The report’s hidden signal is loud: when an analysis can’t find any facts, the project likely has zero verifiable on-chain activity or real-world traction. In a bull market, that’s dangerous. Startups with no product, no users, no deployed contracts can still raise millions on hype alone. The template report becomes a rubber stamp—“we reviewed it, but found nothing to say.” And that silence is misread as neutrality rather than a red flag.

I pulled up the report’s ‘Team & Governance’ section. It listed “N/A” for technical capability, industry experience, and investor quality. No names. No profiles. Yet the project’s website probably shows smiling founders with big promises. The disconnect is brutal. A template report without data is complicit in amplifying noise.
Contrarian Angle
But here’s the contrarian take—maybe the empty template is more valuable than a filled-in one. Most crypto reports are full of cherry-picked metrics, biased TVL comparisons, and rose-tinted narratives. A blank report forces the reader to confront what they don’t know. It’s a mirror. “You wanted an opinion? Here’s nothing.” It’s an invitation to do your own research—or to realize that some projects aren’t worth researching.

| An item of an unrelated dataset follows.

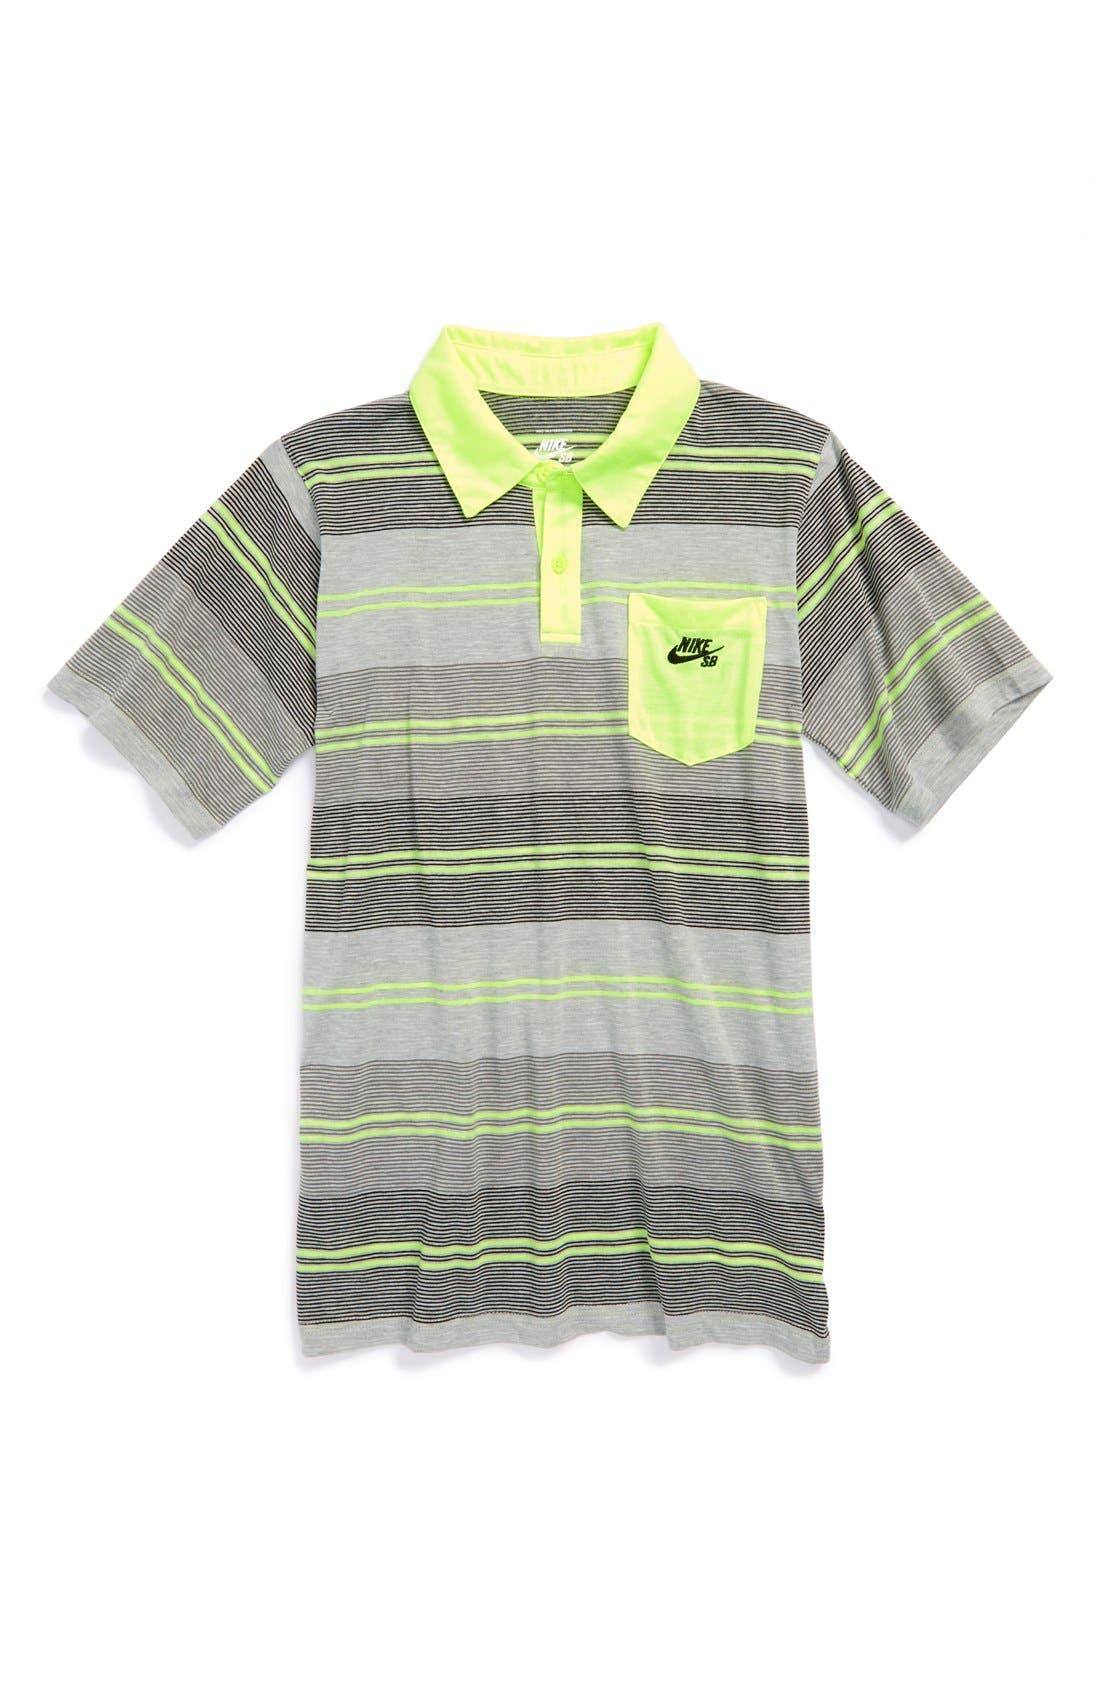 Alternate Image 1 Selected - Nike Skateboarding Neon Stripe Short Sleeve Polo (Big Boys)

I remember the DeFi Summer of 2020. I was in Nairobi, deep in Uniswap governance calls. Everyone had an opinion. But the real insight came from the silence—the unanswered governance proposals, the ignored bug reports, the code that hadn’t been deployed in months. The absence of data is data itself. That’s a lesson most analysts miss.
The report’s authors might be seen as lazy. But they also refused to fabricate numbers. In a world where FOMO juices every line, an honest ‘I don’t know’ is revolutionary. The silence after the pump tells the real story. This report’s silence screams: “This project has nothing to show for itself.”

Takeaway
So what do we do? Demand data, not templates. If you’re reading a deep analysis, ask: Where is the on-chain proof? Where are the user growth charts from Dune? Where is the code repository activity? A report without those isn’t analysis—it’s astrology.
Next time you see a project launch with a fancy deck and a 50-page report full of APY and roadmap jargon, cross-check it with a microscope. Run the address through Etherscan. Count the transactions. Check the developer activity. If the numbers are zero, the analysis should be zero too. Let’s normalize calling out empty charts.
I’ve been a journalist for 15 years. I’ve broken news in 48 hours and made mistakes that cost me credibility. But I learned one thing: in crypto, the only currency that never loses value is verified truth. Everything else is a template waiting to be filled with regret.